Similarly, it is difficult for her to care for her family as much as she wants and to have her family members grow as much as she wants. Feminism had not fully emerged into the American cultural landscape when Hansberry wrote A Raisin in the Sun, and Beneatha seems a prototype for the more enthusiastic feminism of the s and s. She not only wants to have a career—a far cry from the June Cleaver stay-at-home-mom role models of the s June Cleaver was the name of the mother on Leave it to Beaver, a popular lates sitcom about a stereotypical suburban family —but also desires to find her identity and pursue an independent career without relying solely on a man.
Mama and Beneatha are, of course, a generation apart, while Ruth occupies a place somewhere in the middle; Hansberry argues that Beneatha is the least traditional of the women because she is the youngest.
Why does Mama slap Beneatha? She uses the Lord's name in vain twice. She wants to spend all the money on herself. She ran away from home. She won't help Mama with the dishes. Who is Travis? Beneatha's uncle. Mama's son. Walter's brother. Walter and Ruth's son. Walter got a settlement from work. Younger won a lawsuit. Younger Big Walter passed away. What does Beneatha want to be when she 'grows up'?
Married to a rich man. The author of the play is. One conflict that takes place in Act I is when:. Walter Lee struggles to keep his job as a chauffeur. Walter Lee struggles with other family members over money. Travis struggles to keep up his grades in school.
Mama struggles with Ruth for control of the household. The Younger family lives in a cramped, "furniture crowded" apartment that is clearly too small for its five occupants in one of the poorer sections of Southside Chicago. Because of her religious convictions against liquor drinking, Mama is uninterested in Walter's dream of getting rich quickly with this scheme. Ruth, Walter's wife, is so exhausted from overwork that she too is unsympathetic to Walter's obsession with the money.
Mama makes it clear that part of the check will go toward Beneatha's education in medical school. At the beginning of the play, money is the focal point of everyone's conversation, leading to arguments and creating a mood of conflict.

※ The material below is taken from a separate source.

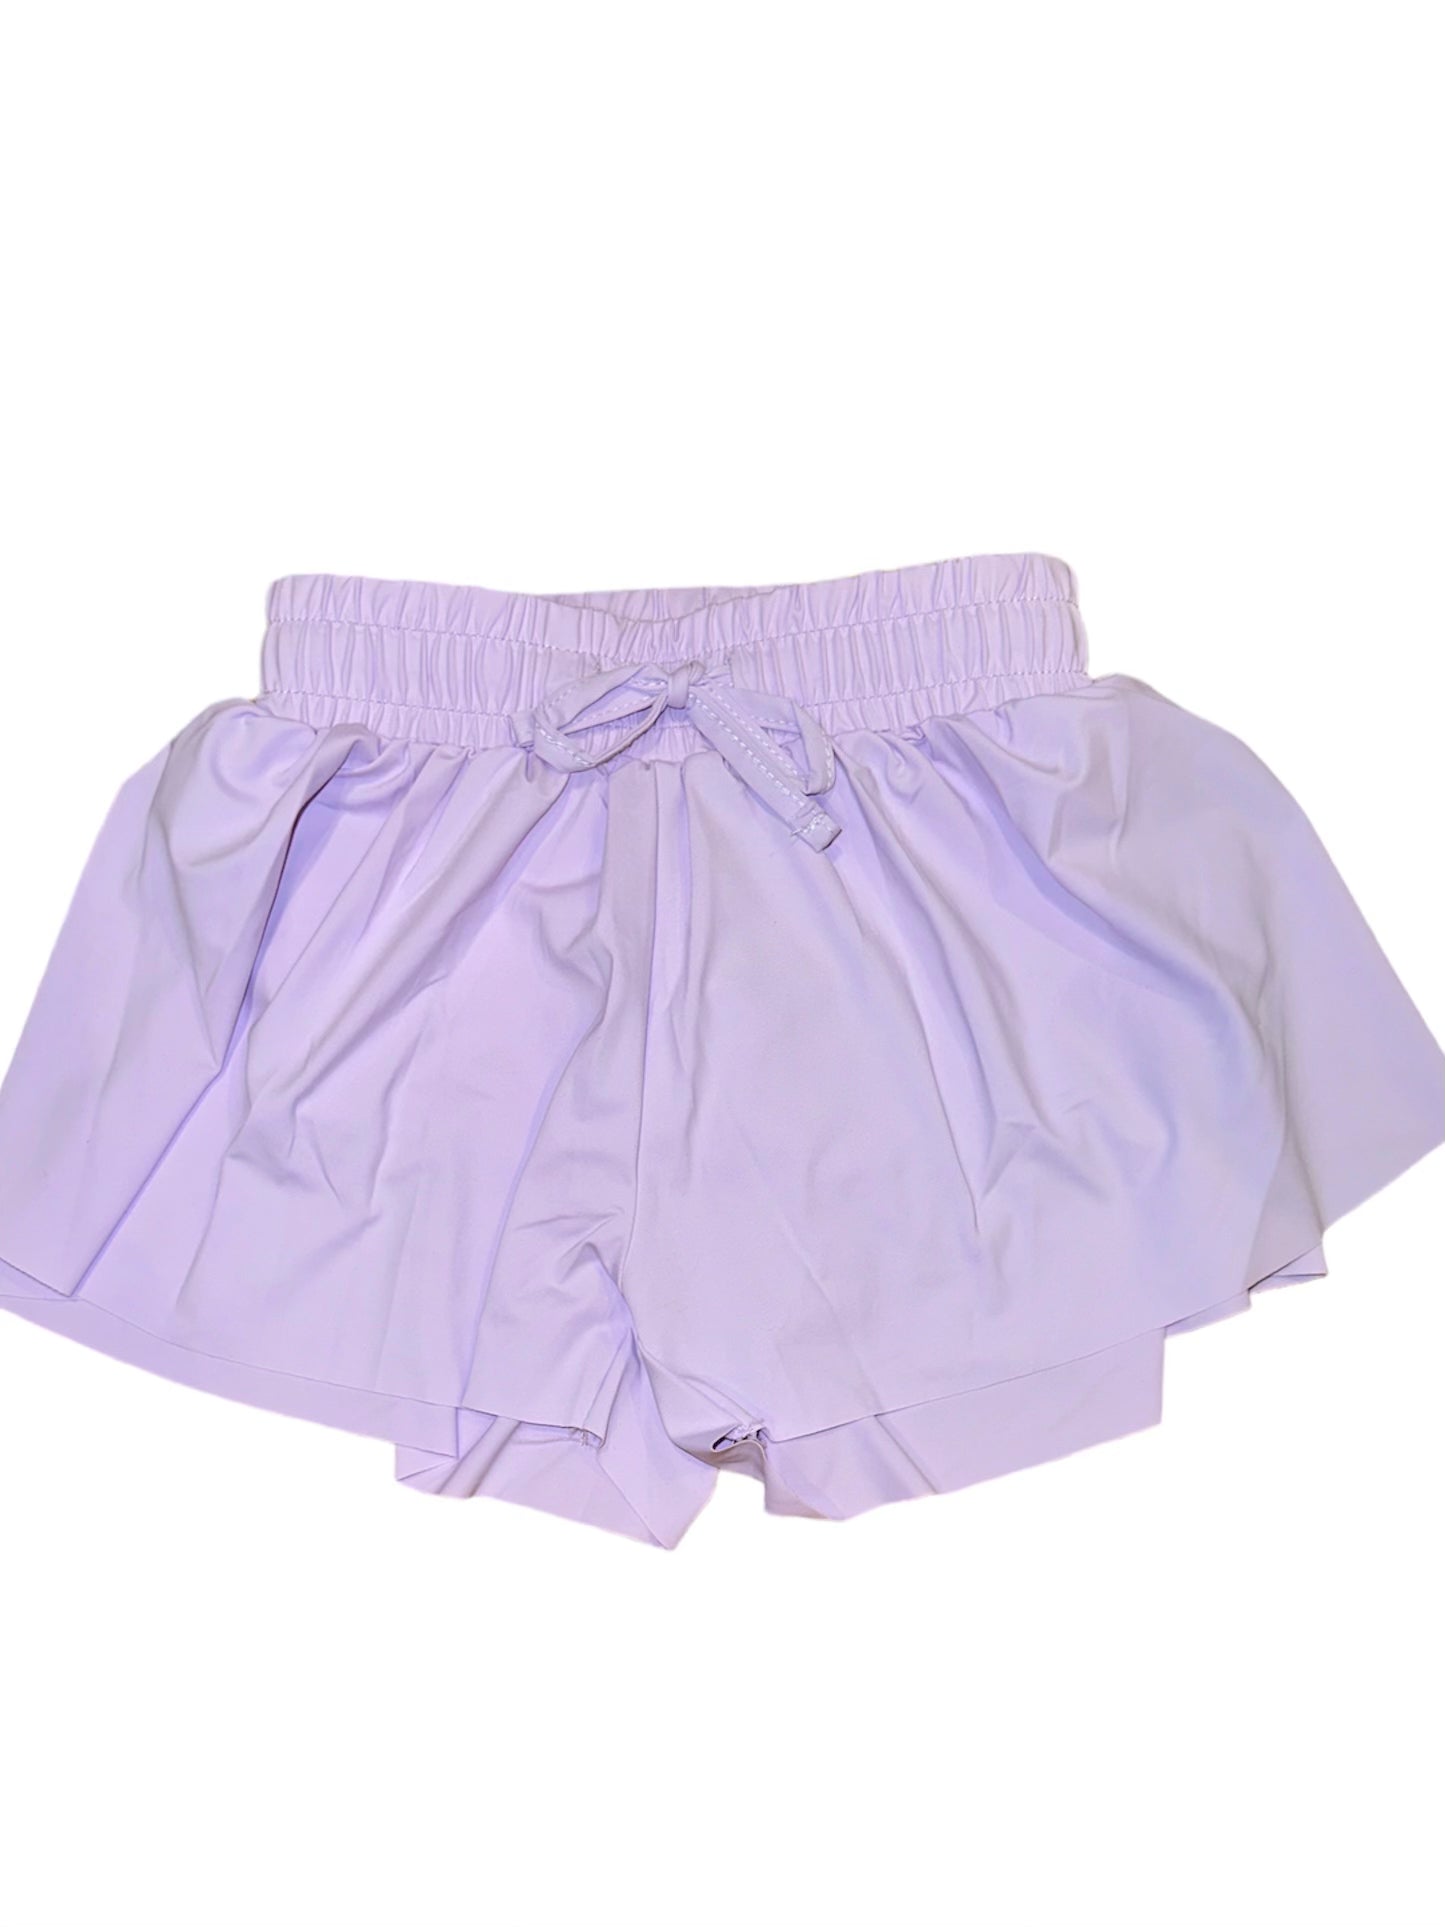 Suzette Butterfly Shorts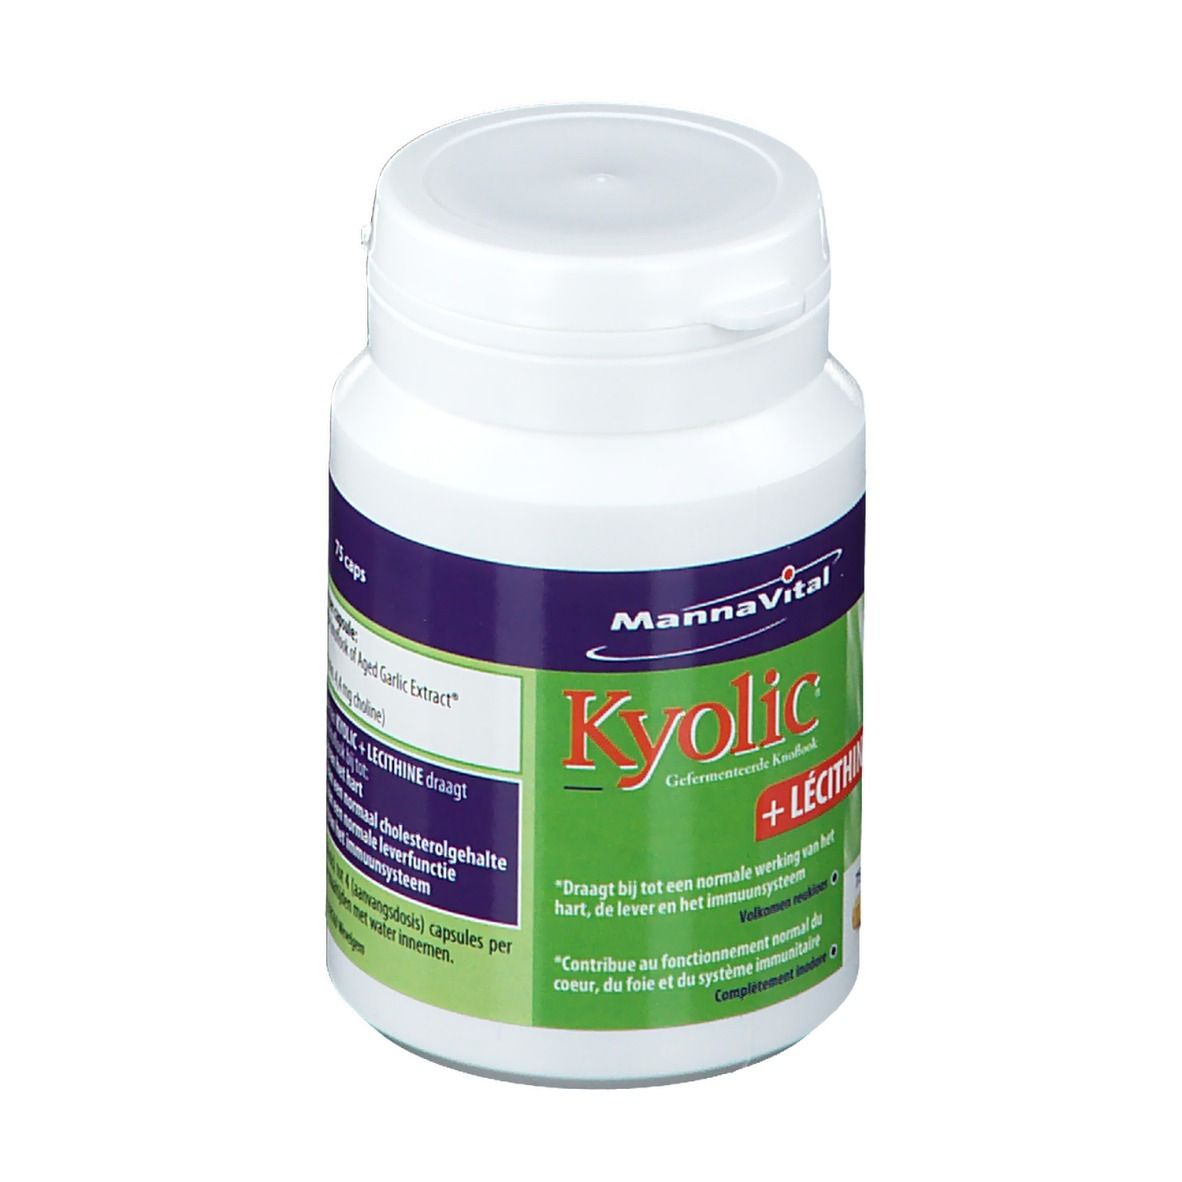 Mannavital Kyolic + Lecithine

Walter leaves for his chauffeur's job, and Travis leaves for school. Ruth prepares for her job as a cleaning woman as Mama reprimands Beneatha about her fresh talk.
At the end of the scene, Mama discovers that Ruth has fainted and fallen to the floor. Hansberry's play even opens with the ringing of an alarm clock, as does Wright's Native Son. Raisin opens on a Friday morning as everyone is getting ready to leave the apartment for their respective obligations: Walter Lee and Ruth have to go to their jobs; Travis and Beneatha have to go to school.
When the alarm clock rings, Ruth is the first one up, as though it is her responsibility to make certain that everyone else gets up and ready for the day ahead. Ruth is weary and overworked, a parallel to the apartment, which is worn out and weary in appearance from "accommodating the living of too many people for too many years.
Travis sleeps on the living room couch. Ruth and Walter Lee's bedroom is actually a small alcove just off the kitchen, originally intended to be a "breakfast room" for a smaller, wealthier family. Mama and Beneatha share the only actual bedroom of this "apartment. Ruth appears to be annoyed with Walter, although she does not openly admit it. At first, Walter seems too preoccupied with thoughts about the insurance check to consider what might be troubling Ruth.
Their conversation revolves around money and the lack thereof; even young Travis is concerned with money, as he asks, "Check coming tomorrow? Walter admonishes Ruth for telling Travis that they cannot give him fifty cents, and we are immediately more sympathetic to Walter than to Ruth, for their dialogue is reminiscent of the mother in Kathryn Forbes' play I Remember Mama, who insists that children not be told when there is no money because it makes them worry.